**What the task requires**
The data below is to be transcribed word for word; pictures are to be excluded.

**Provided data**
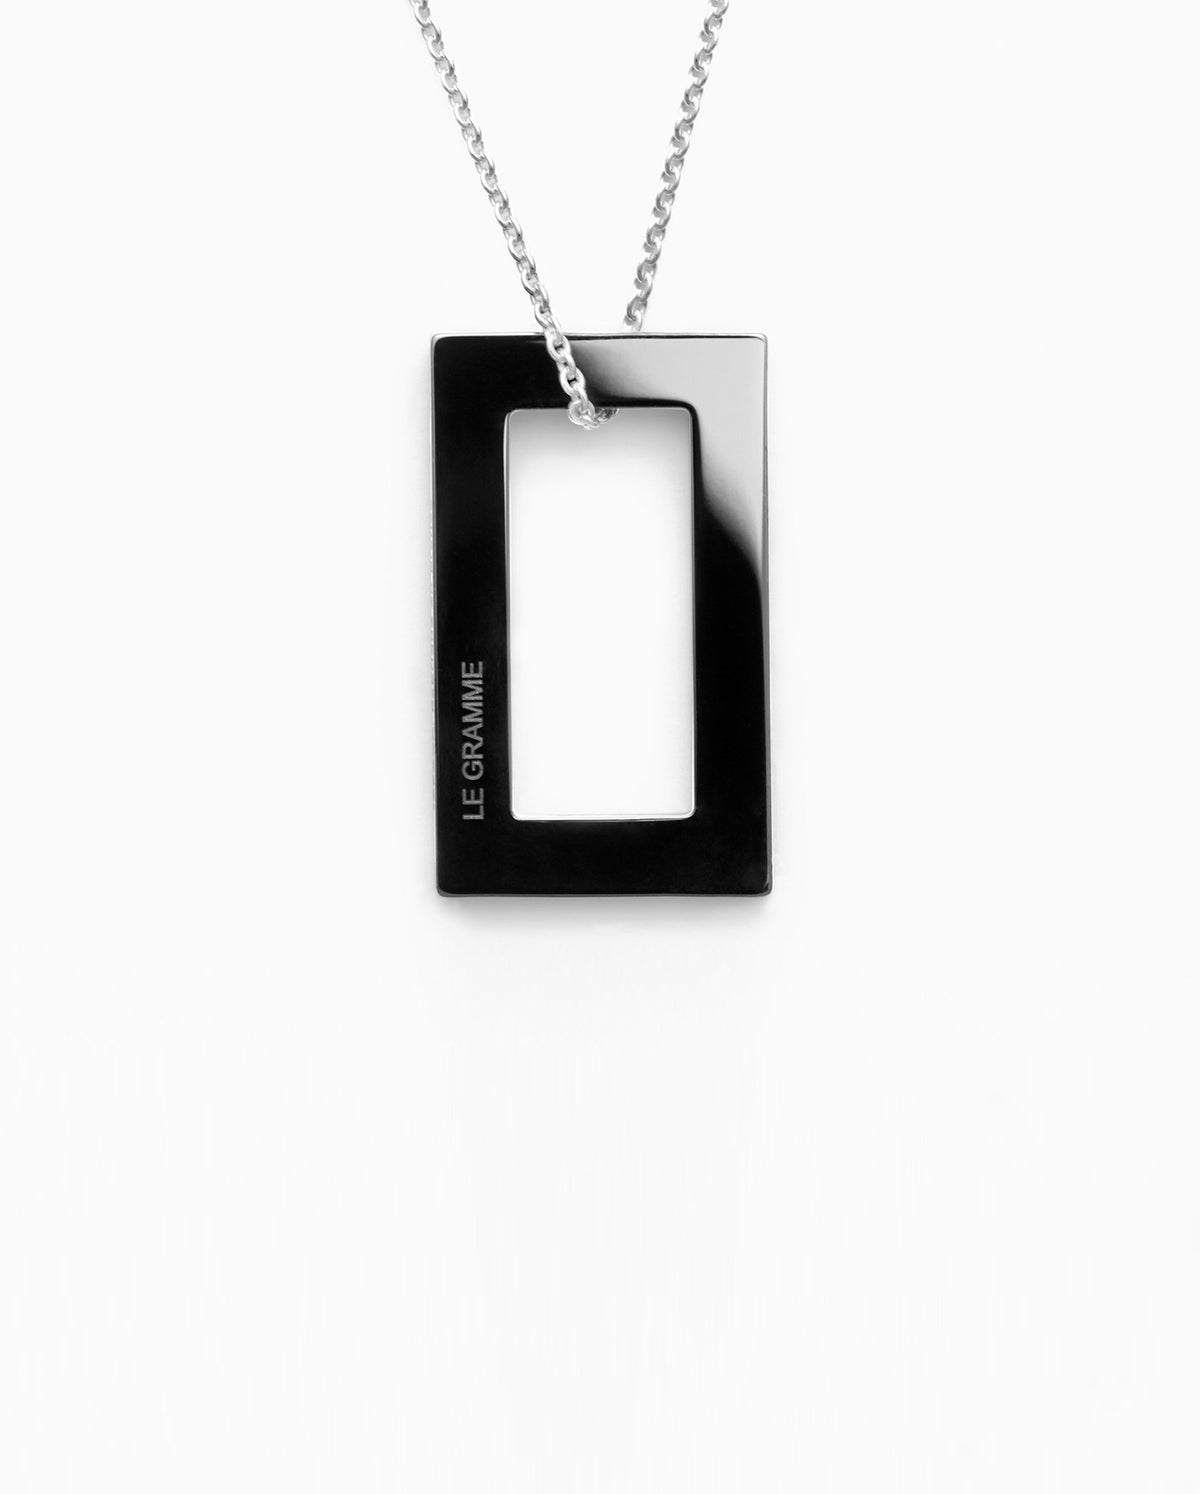 2.1G Ceramic Necklace - Black
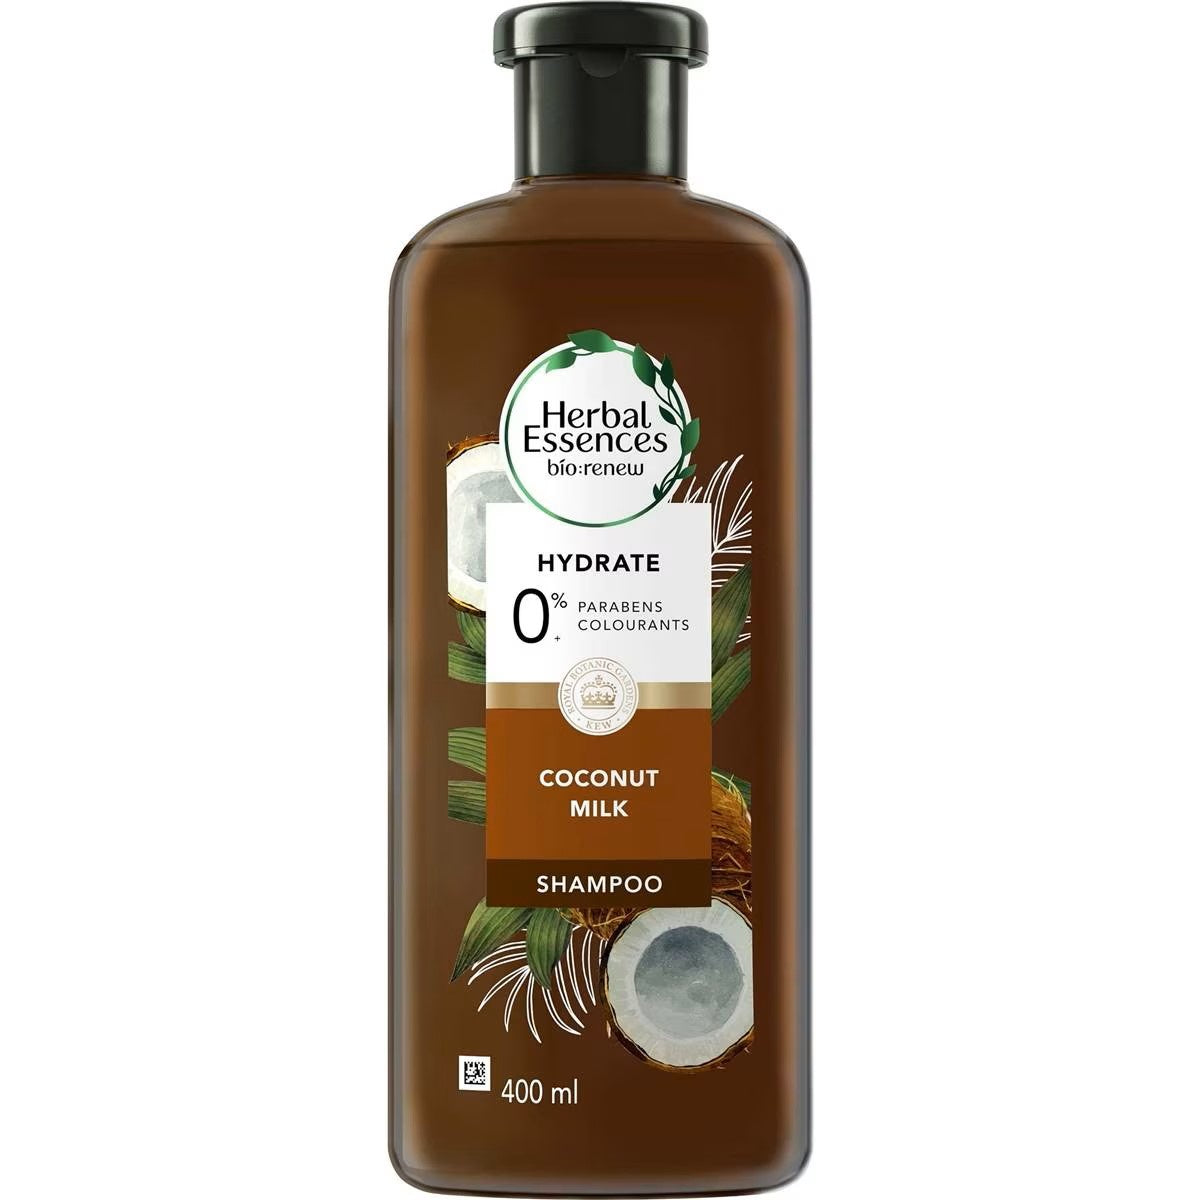 Herbal Essence Hydrate Coconut Milk Shampoo 400mL
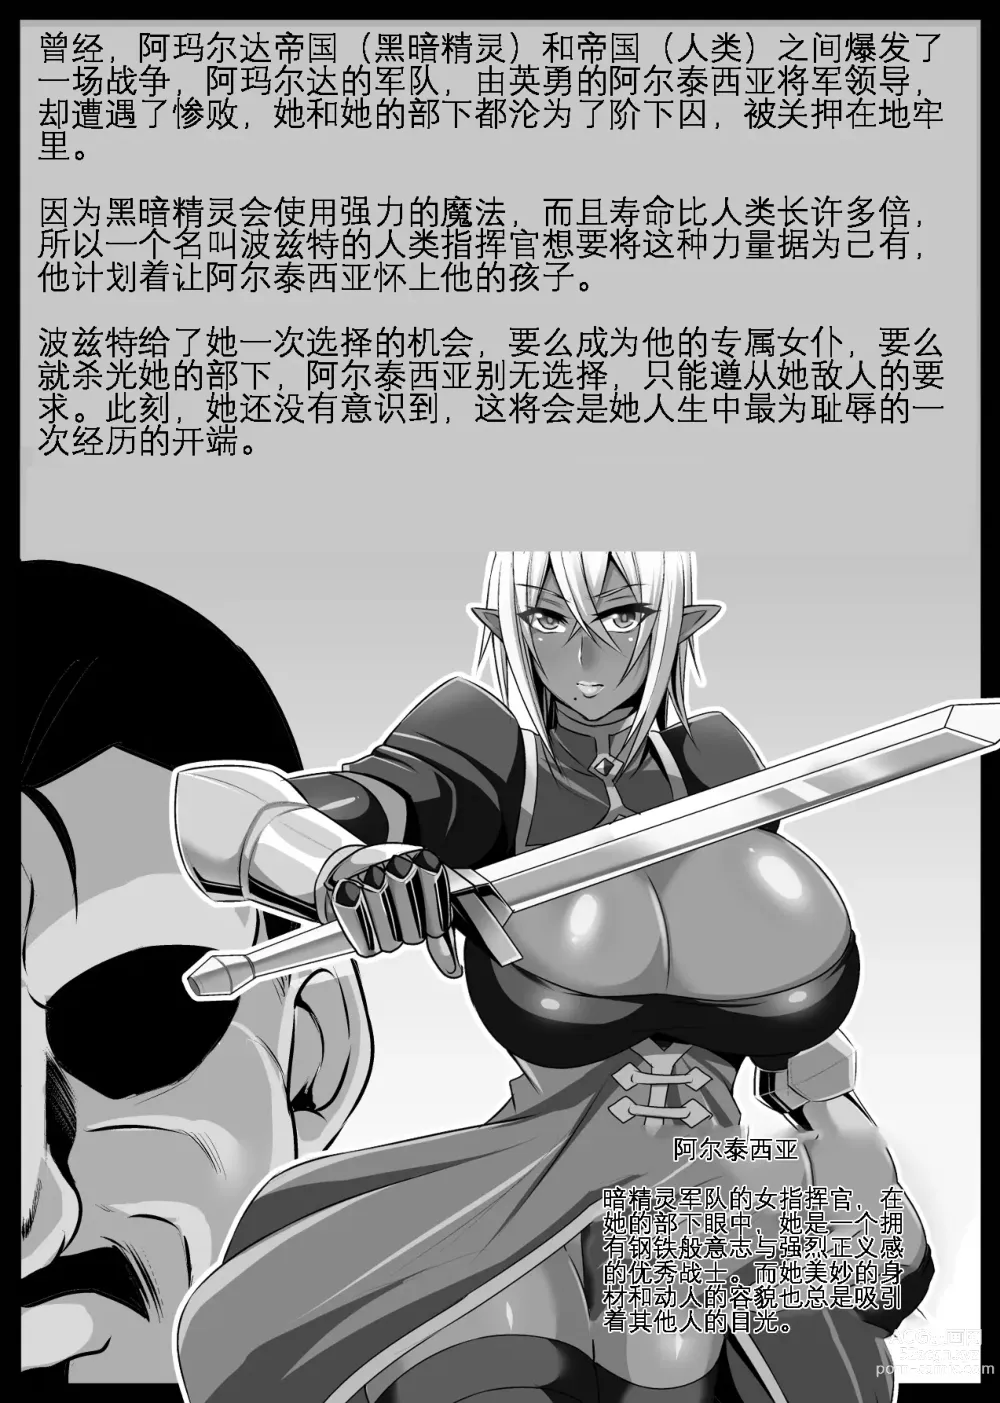 Page 3 of doujinshi 女将军阿尔泰西亚的怀孕调教记录

**Solution below**
 2.1G Ceramic Necklace - Black
 Herbal Essence Hydrate Coconut Milk Shampoo 400mL
 Page 3 of doujinshi 女将军阿尔泰西亚的怀孕调教记录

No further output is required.